The waveform-level model is the Hierarchical Recurrent Neural Network (HRNN) neural vocoder (Mehri et al., 2016; Dou et al., 2018)

. The HRNN structure is a hierarchy of tiers; each tier includes several neural network layers and operates at a different frequency. The lowest tier operates at waveform-level frequency, and outputs distributions of waveform samples. Each higher tier operates at a lower frequency, and supervises the tier below it. The model configuration is as follows. Tier 0 is a 4-layer DNN, including three fully connected layers with ReLU activation and a softmax output layer; the dimension is 1024 for the first two fully connected layers, and is 256 for the other two layers. The other tiers are all 1-layer RNNs; Gated Recurrent Unit (GRU) 

(Chung et al., 2014) is used and the dimension is 512 for all layers.
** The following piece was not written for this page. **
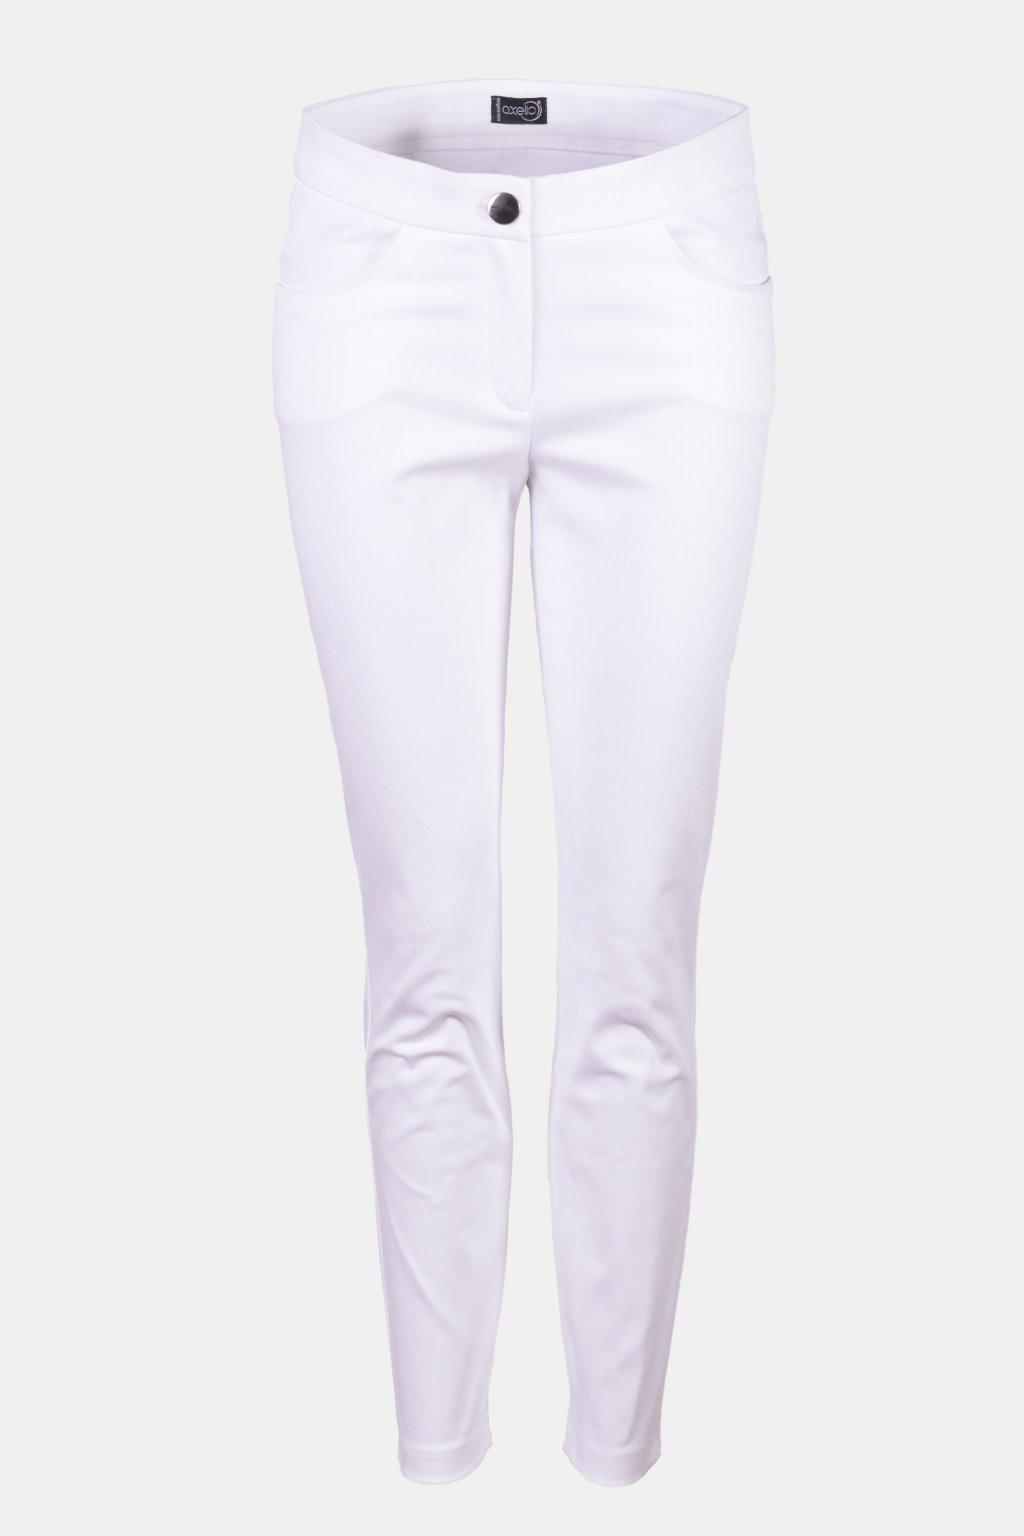 Kalhoty bílé 30068

The frequencies for tiers 0 to 3 are respectively 16kHz, 8kHz, 2kHz and 0.4kHz. This neural vocoder models each waveform sample with a categorical distribution. Hence the waveform samples are quantized into 256 integer values.
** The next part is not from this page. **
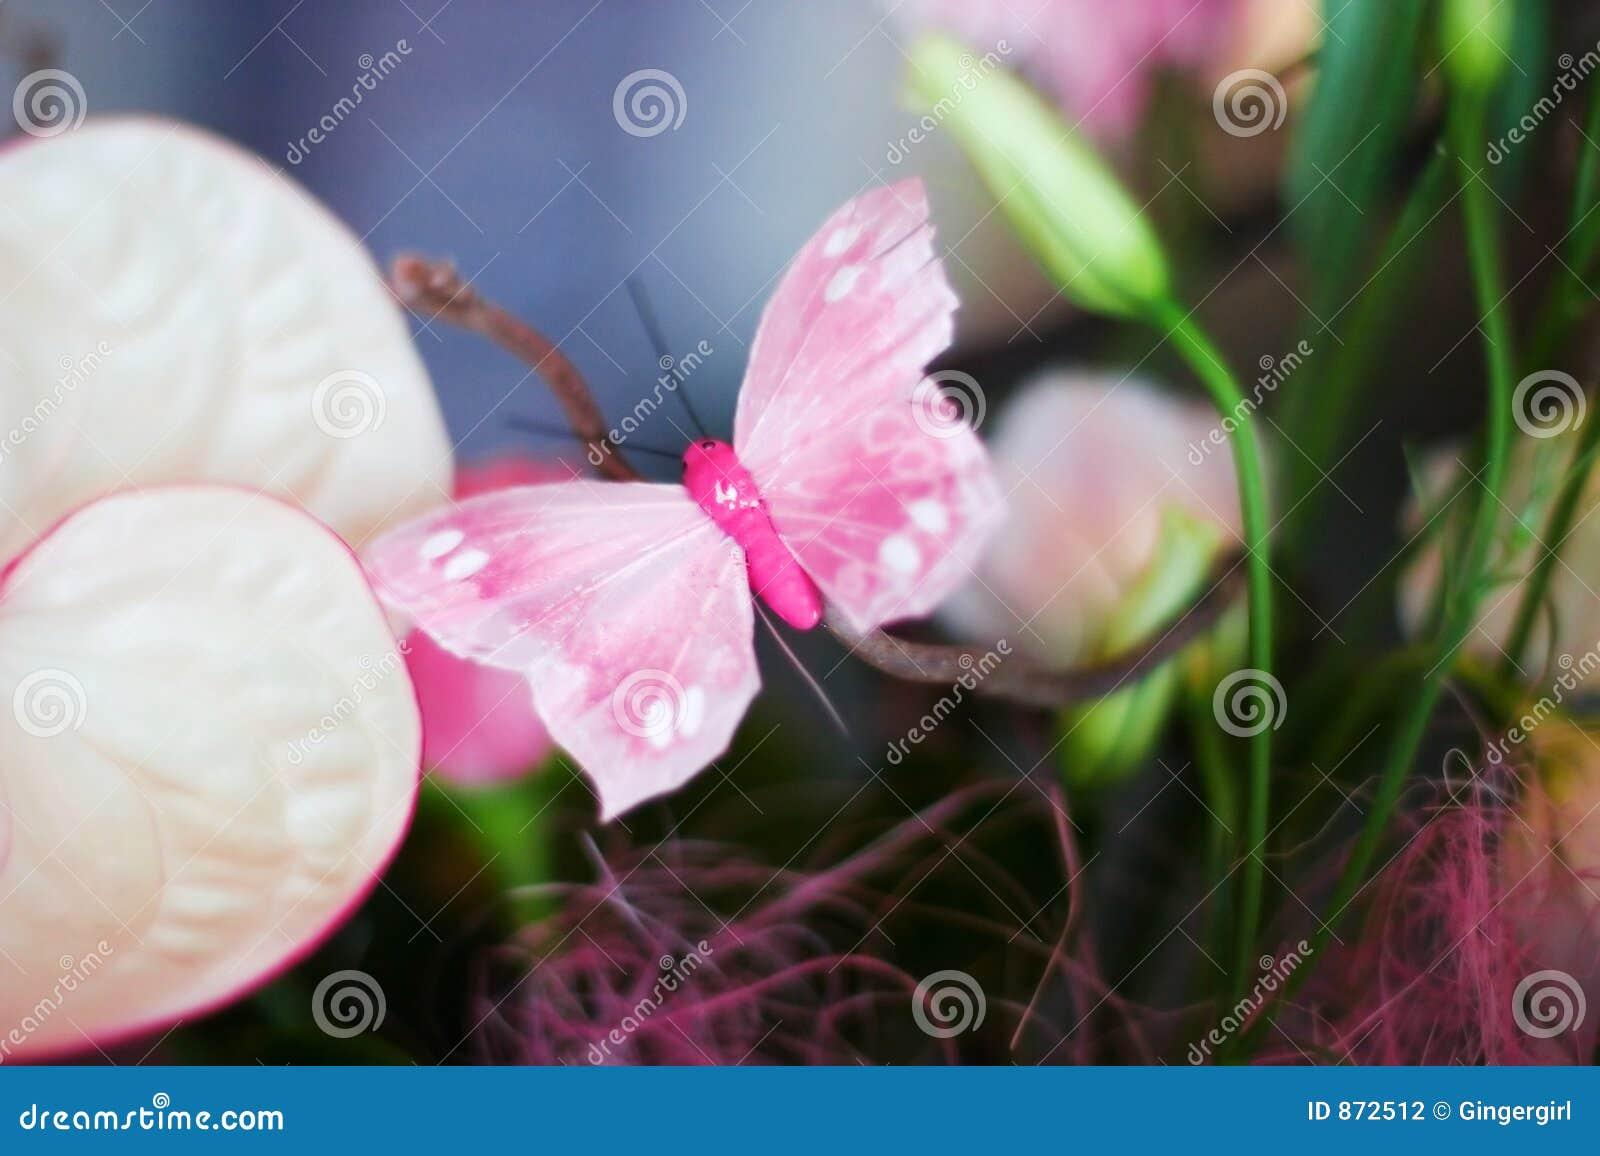 Tendresse dans un bouquet

The frame-level model is trained with either teacher forcing or attention forcing. In both cases, the loss shown in equation 35 is used for both the decoder and post-processing CBHG. The two losses have equal weights. For attention forcing, the additional alignment loss shown in equation 34 is used for the attention mechanism, and the scaling factor is 50. The neural vocoder is always trained in teacher forcing mode, and the loss function is shown in equation 13. For all experiments, the optimizer is Adam (Kingma and Ba, 2014), and the initial learning rate is 0.001.

a.2.2 Machine translation

The NMT experiments are conducted on the English-to-Vietnamese task in IWSLT 2015. It is a low resource NMT task, with the parallel training set containing 133K sentence pairs. The Stanford pre-processed data (https://nlp.stanford.edu/projects/nmt/) is used. The attention-based encoder-decoder LSTM model (Wu et al., 2016) is adopted. The model is simplified with a smaller number of LSTM layers due to the small scale of data: the encoder has 2 layers of bi-LSTM and the decoder has 4 layers of uni-LSTM; the general form of Luong attention Luong et al. (2015) is used; both English and Vietnamese word embeddings have 200 dimensions and are randomly initialised. Adam optimiser is used with a learning rate of 0.002 and the maximum gradient norm is set to be 1. Dropout is used with a probability of 0.2. During inference, predictions are made using beam search with a width of 10.